* [PROBLEM REQUIREMENTS]
Would you print out all of the data exactly and keep the pictures out of it?

* [DATA EXCERPT]

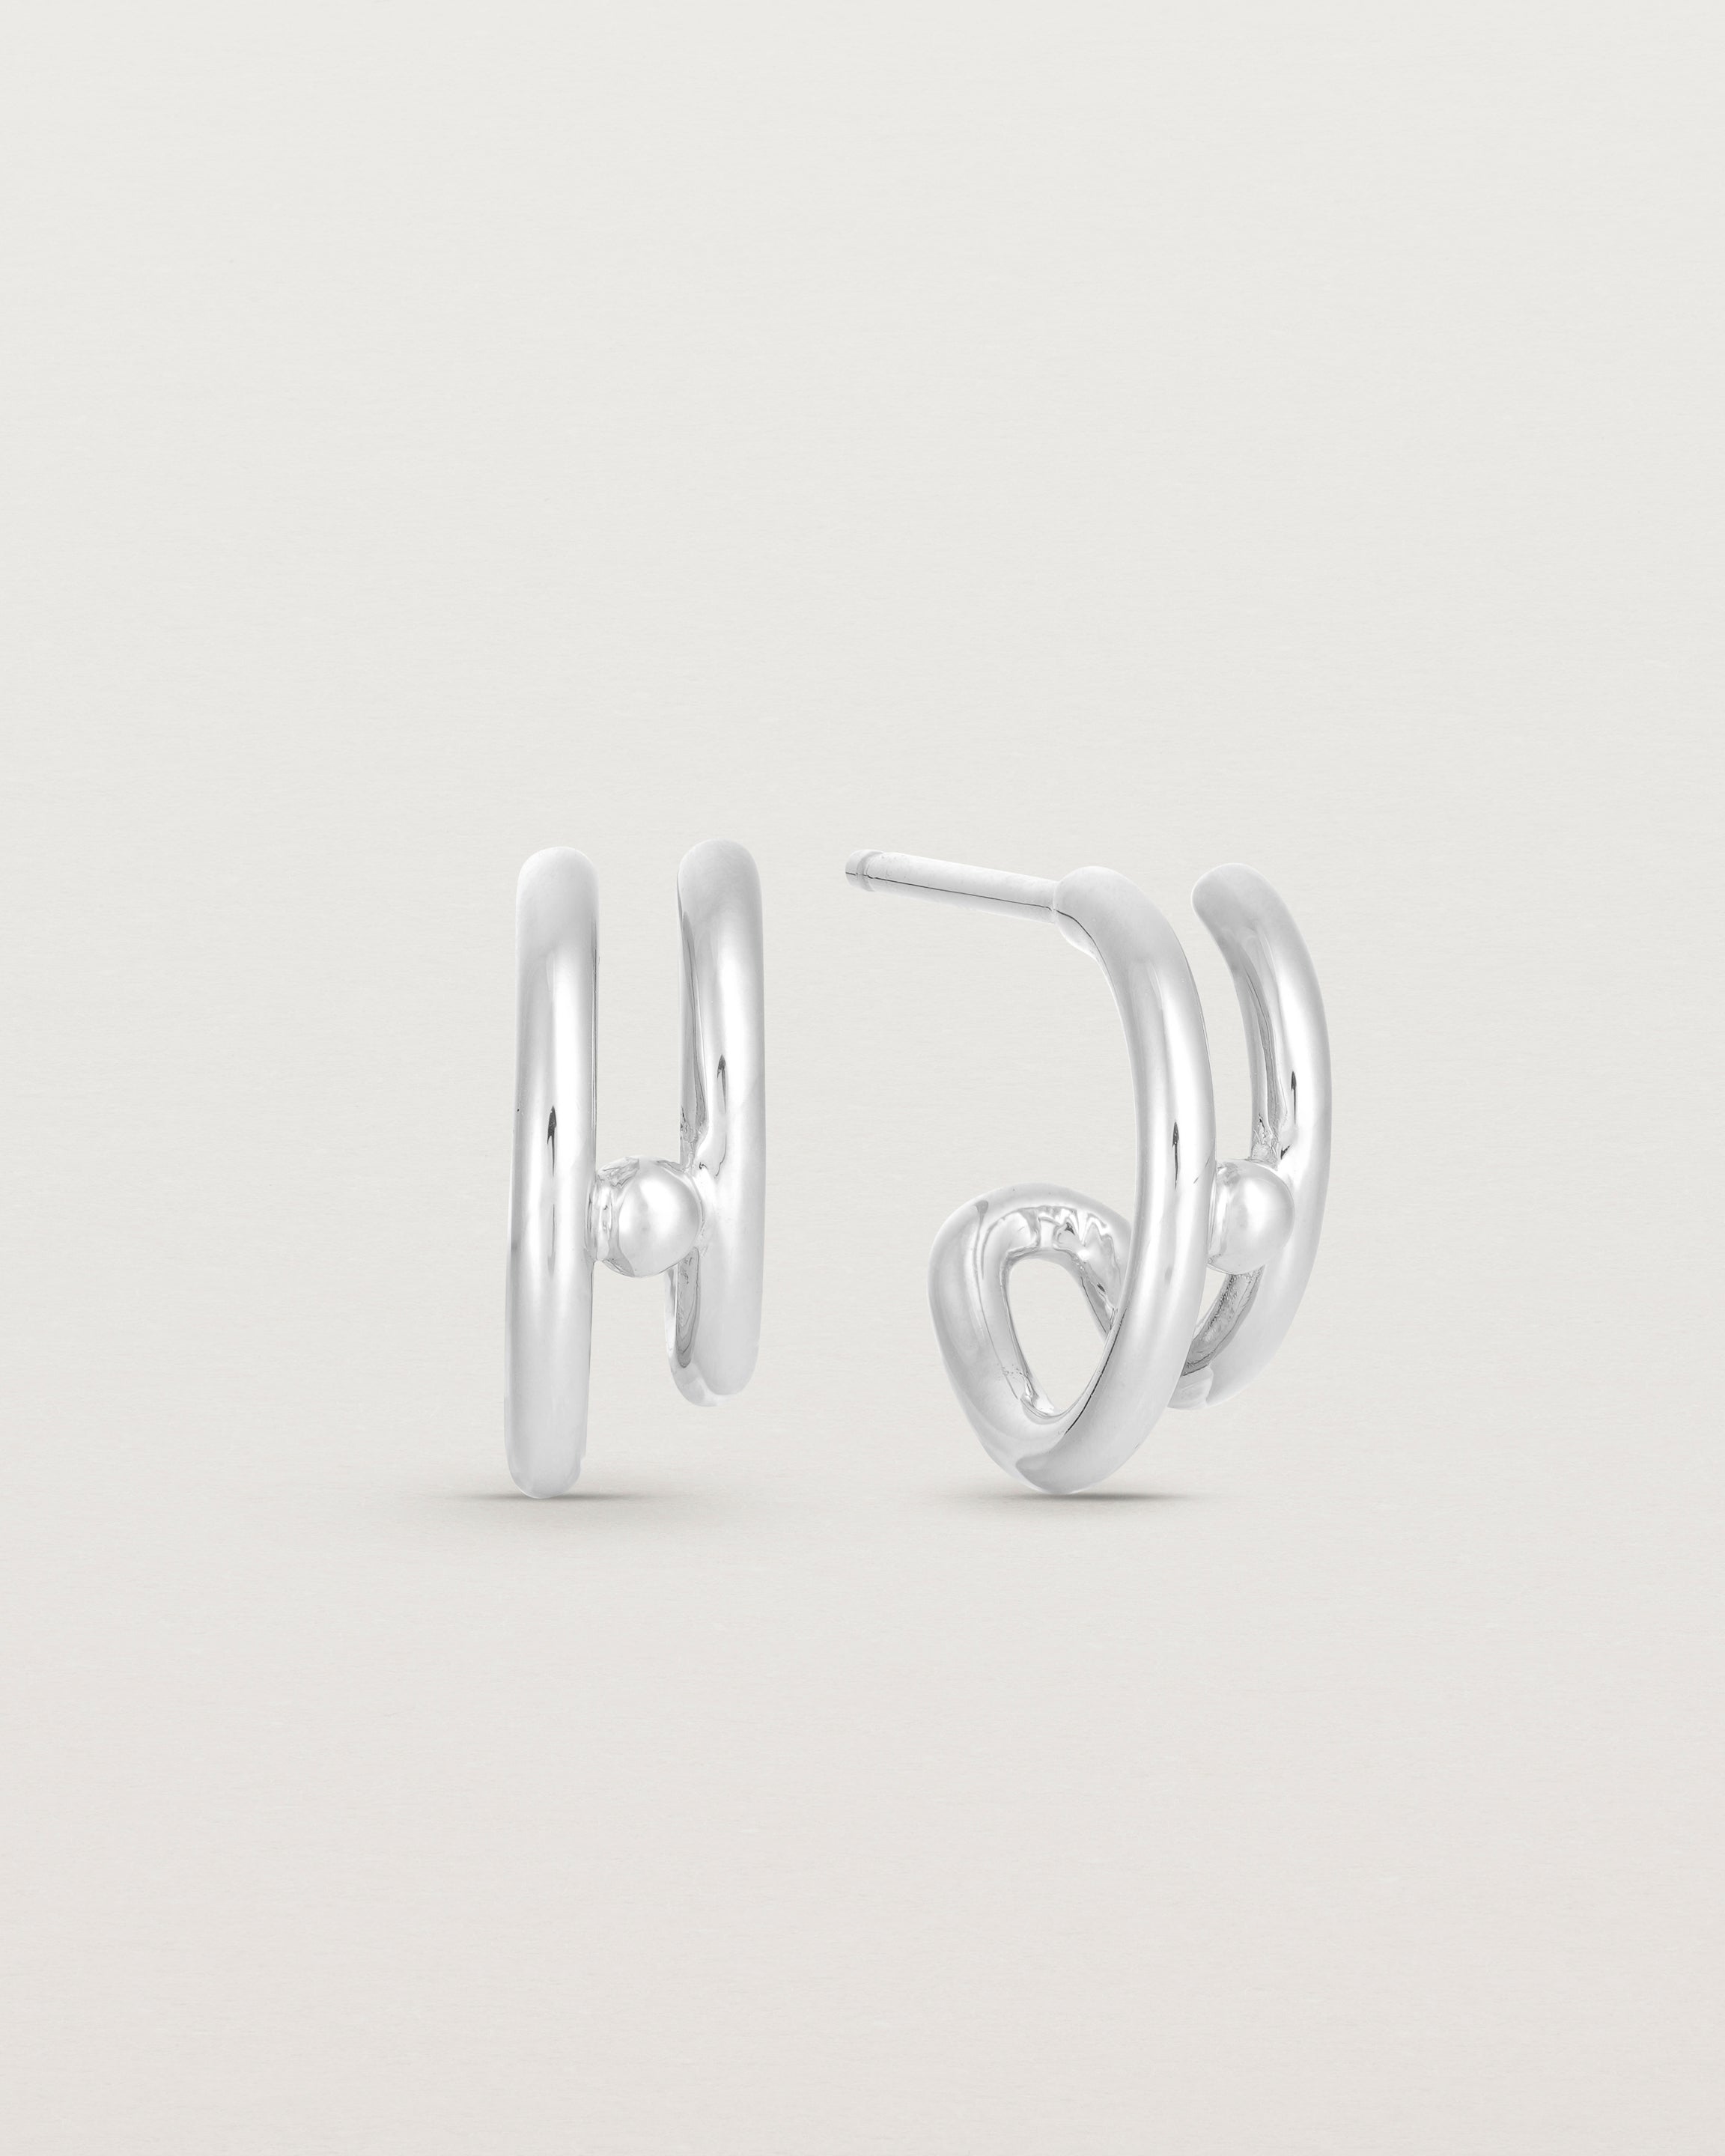 A pair of Double Reliquum Hoops in white gold.
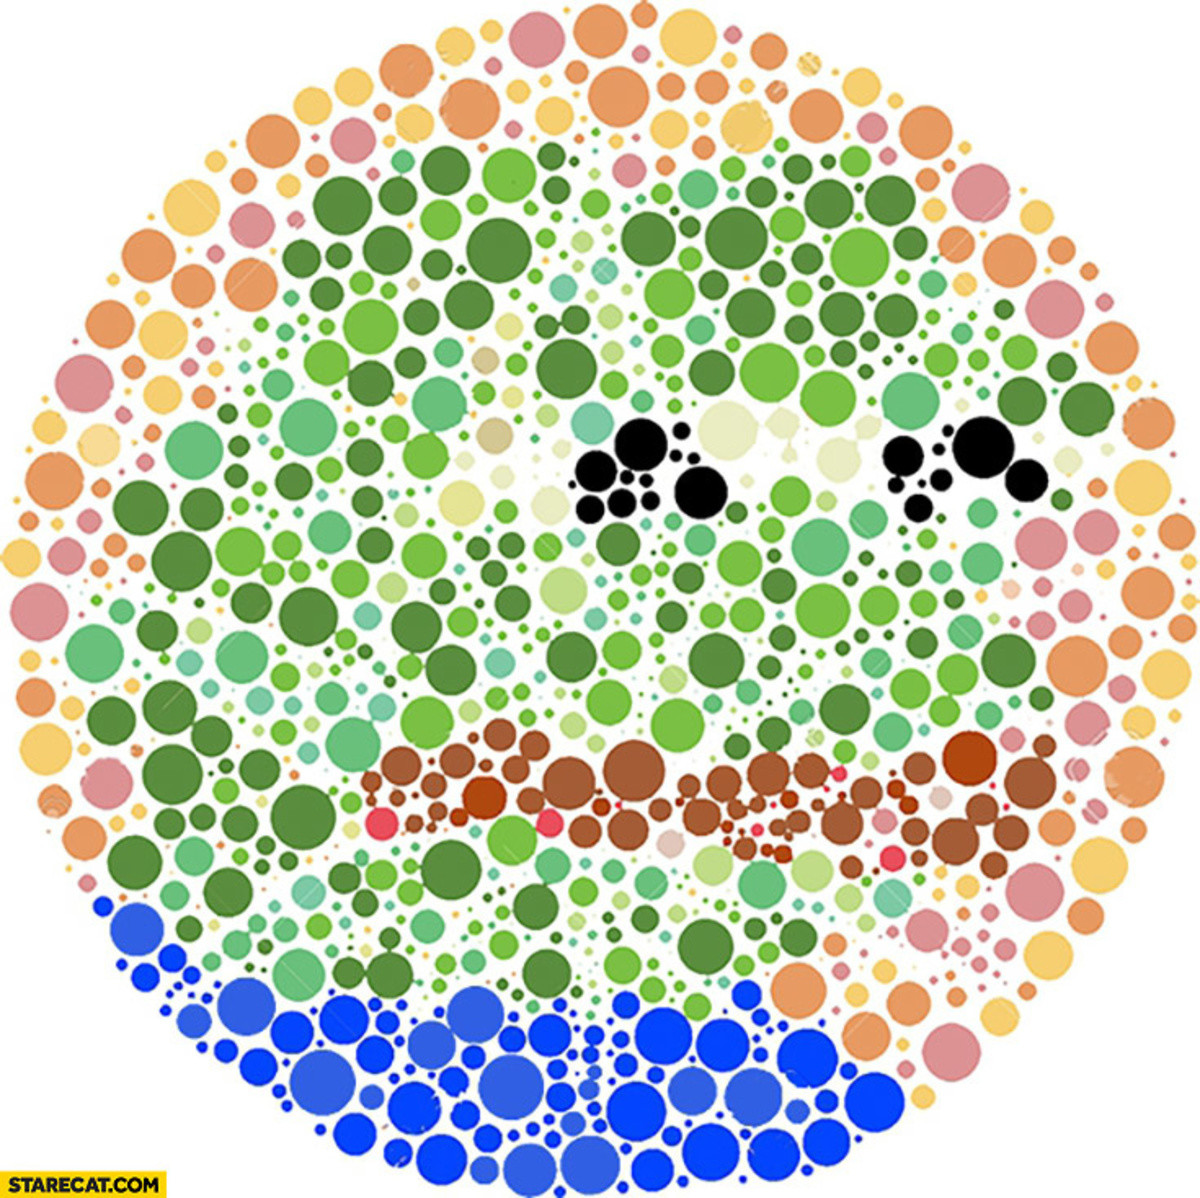 color blind-PEPE.
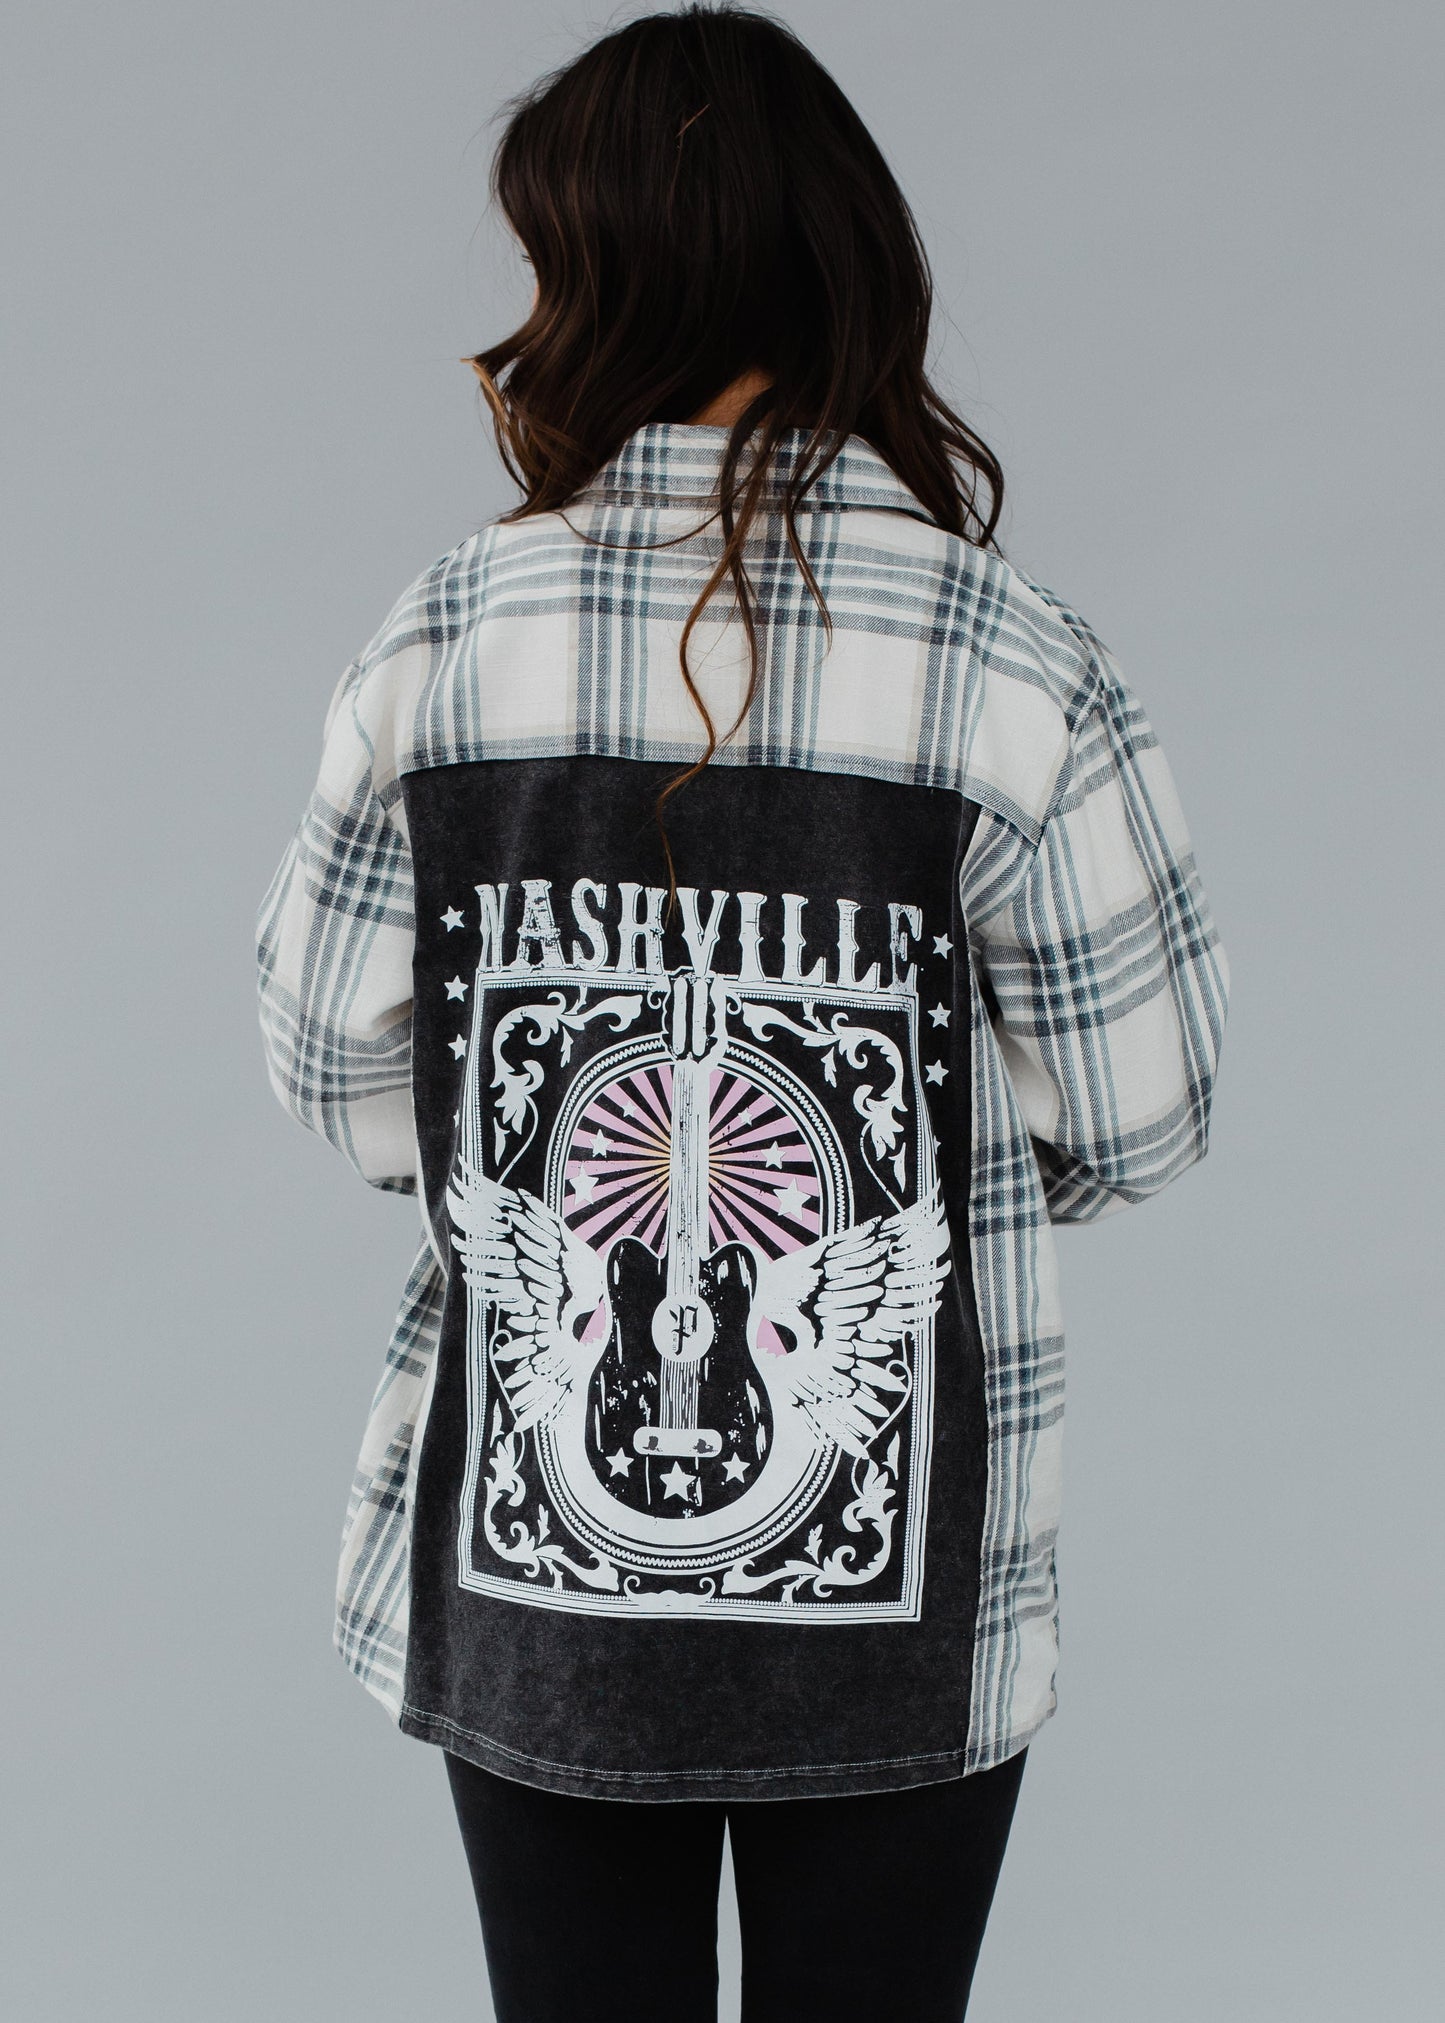 White, tan and blue Nashville flannel

* [TASK SOLUTION]
 A pair of Double Reliquum Hoops in white gold.
 color blind-PEPE.
 White, tan and blue Nashville flannel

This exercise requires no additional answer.